And the protection is only against single round destruction of the aircraft. There was only one location found where a single 23mm would down the plane (Canopy? Tail where H-Stab spar is?). Hit it with a few dozen and all bets are off.

[hummingbird]

The widest point is around 0.1 Mach, I think it makes a noticeable difference for sustain turn rate.

Yet it doesn't. Look at the charts for pete's sake, the lift curve doesn't experience a notch until at 0.85 mach, even at below 14 kft. You can check the doghouse plot if in doubt.

Also note that while the wing sweep starts earlier at lower alt, the point where the LE slats stop operating is STILL at 0.85 mach irrespective of alt.

Wingsweep.png

@ 0.7 Mach @ altitude > 20k ft, the wing sweep is at 21° auxiliary flaps are extended, below 14k ft, the wing sweep is at 31-33°auxiliary flaps are retracted
@ 0.85 Mach @ altitude > 20k ft, the wing sweep is at 47.5°main flaps are extended, below 14k ft, the wing sweep is at 53-55° main flaps are retracted.

nvm the auxilliary flaps, they're used mainly for landing, the main flaps still work until 50.5 deg sweep, furthermore it's the LE slats that really make a difference and they work up until mach 0.85 and 55 deg sweep.

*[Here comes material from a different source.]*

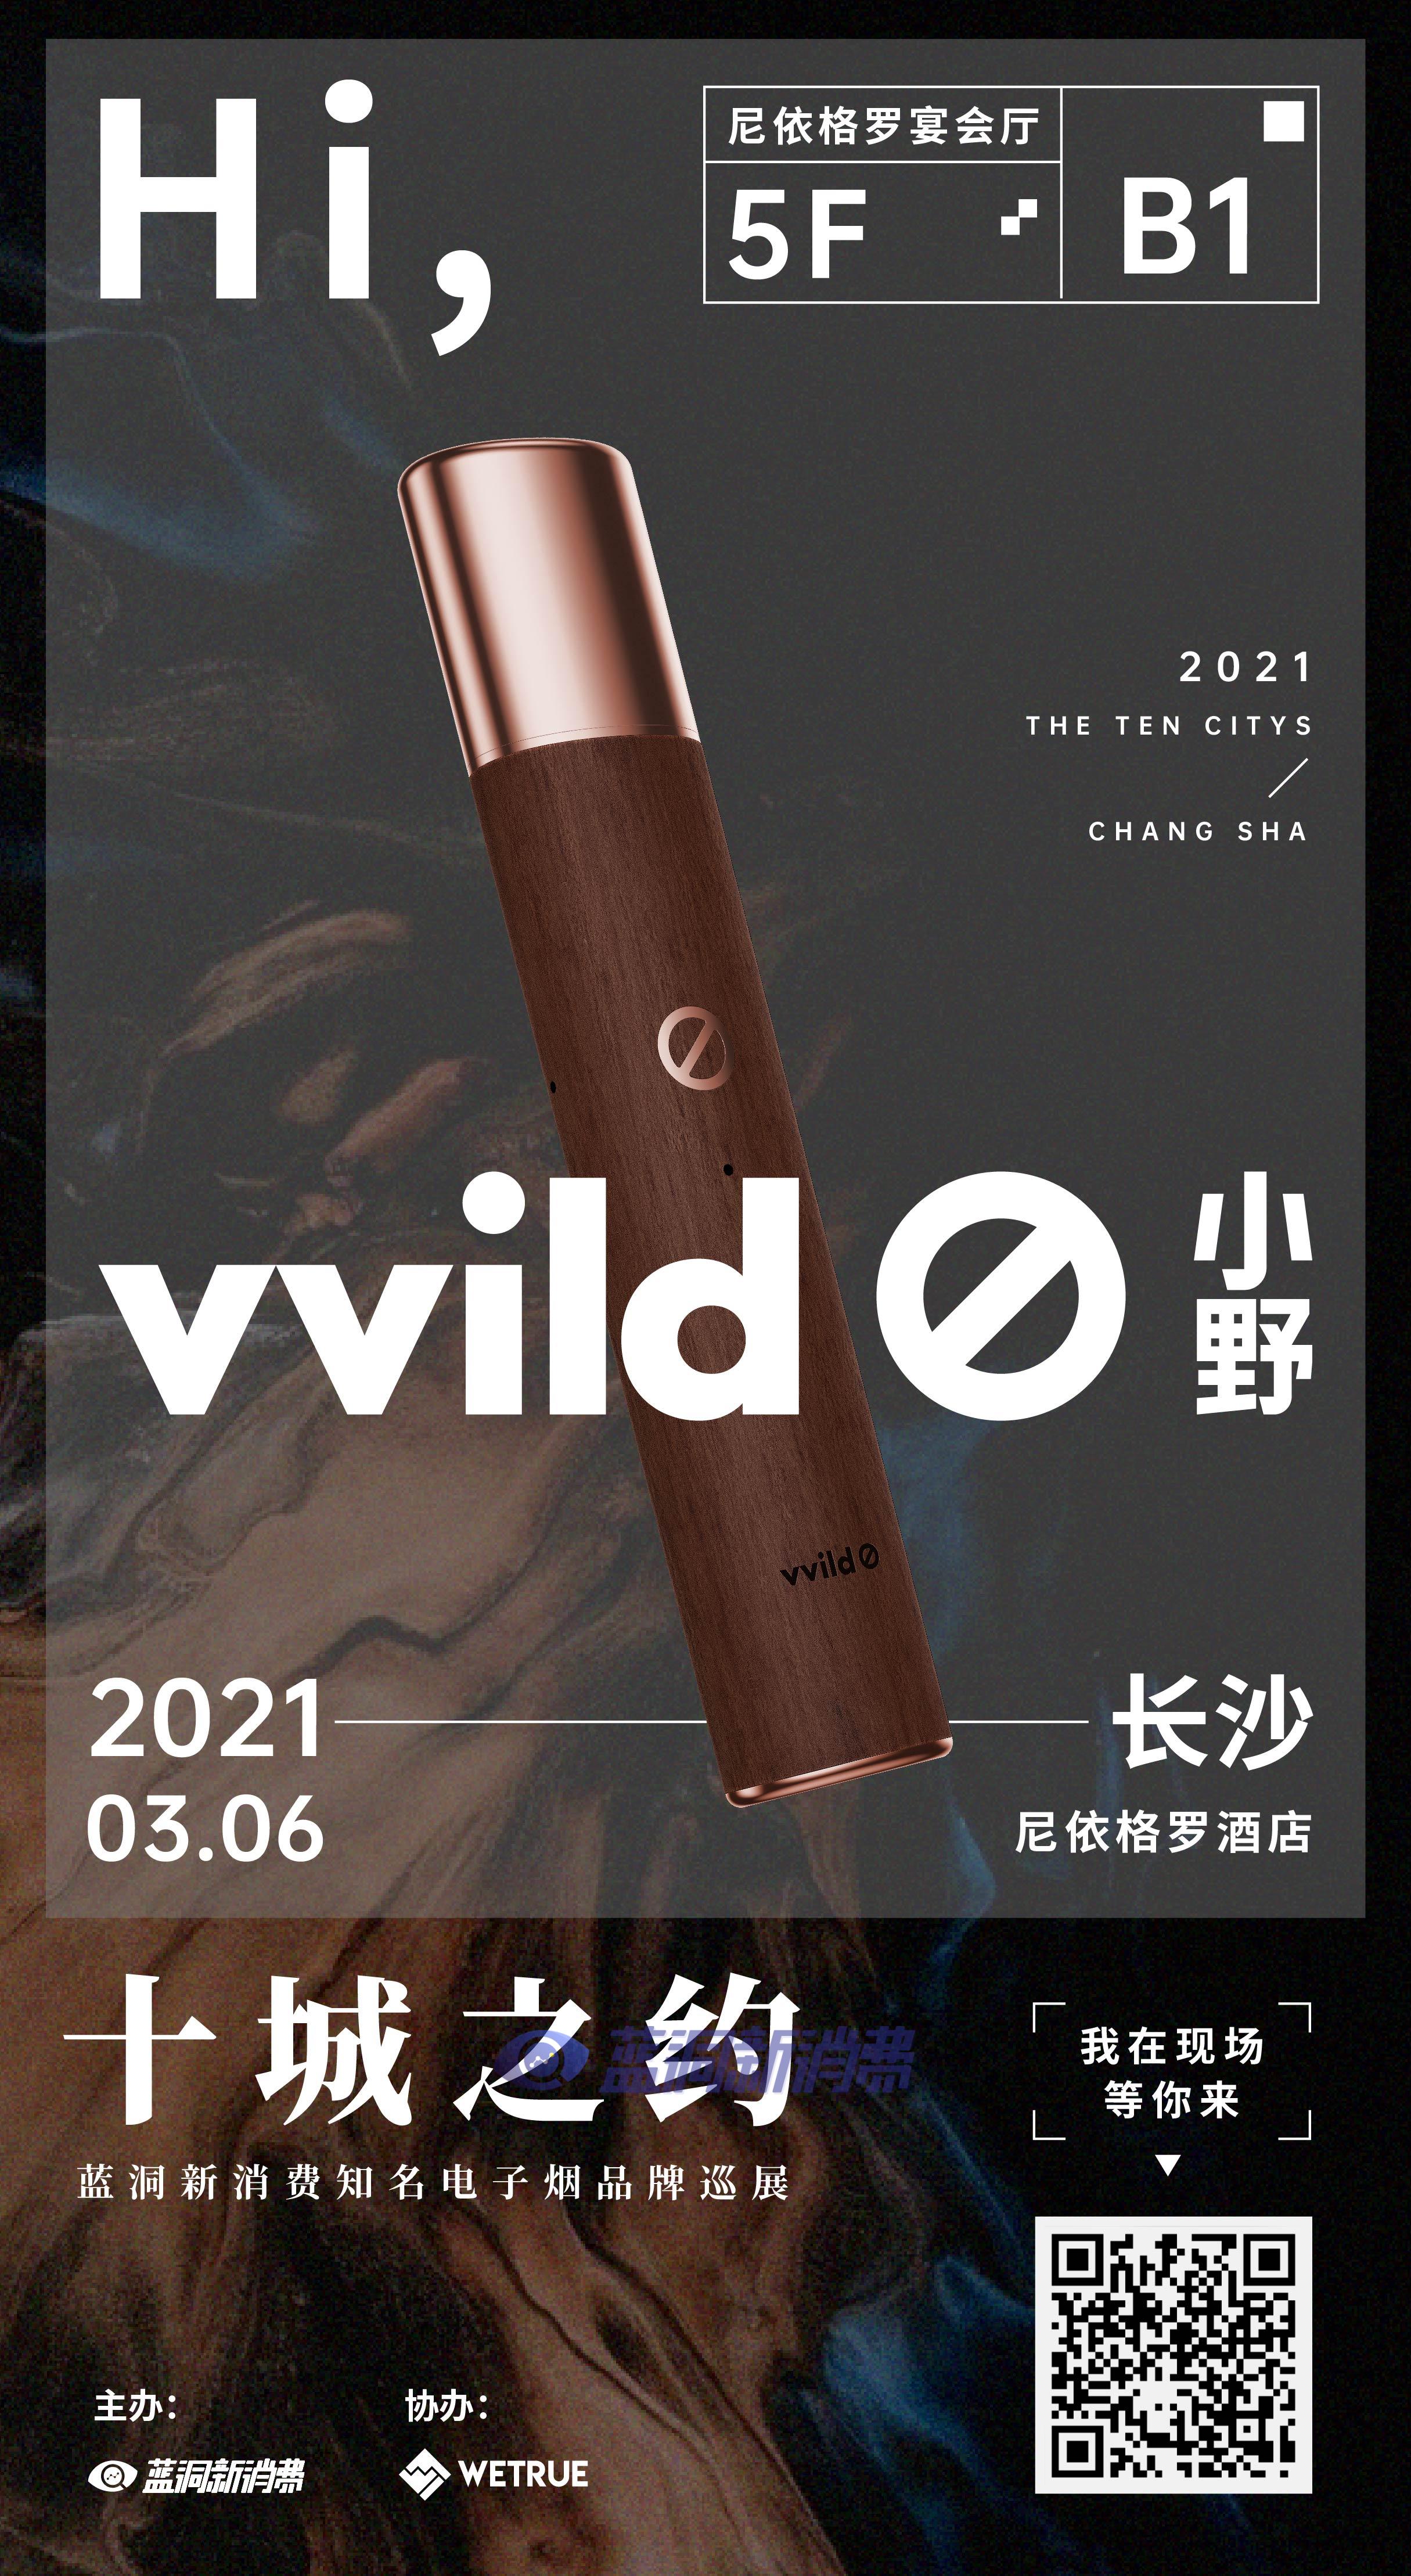 蓝洞电子烟巡展之长沙&成都站品牌巡礼:vvild小野电子烟

btw I probably should remind you that I'm the one who've provided all these fine charts, garrya got them from me.

The chart provided by Garry shows the L/D ratio reduced as wings sweep back.

Ofcourse, that's a given at certain speeds as the AR goes down, but check out the points of intersection, do you understand these? If so, what's your point?

The calculation provided by sprstdlyscottsmn shows CLmax reduced as well

Not sure what you want someone's seperate calculation for when you have actual flight test data right infront of your nose?

Want to know the F-14's min radius, max rate or Clmax, simply look at the charts. Simple as that.

I also think F-15 can excess F-14 instantaneous turn rate.
Lift = 1/2 * air density *Reference Wing Area * Lift Coefficient * airspeed ^2 and Lift = aircraft weight * amount of G aircraft pulls;

It can't, as so thuroughly proven by the charts.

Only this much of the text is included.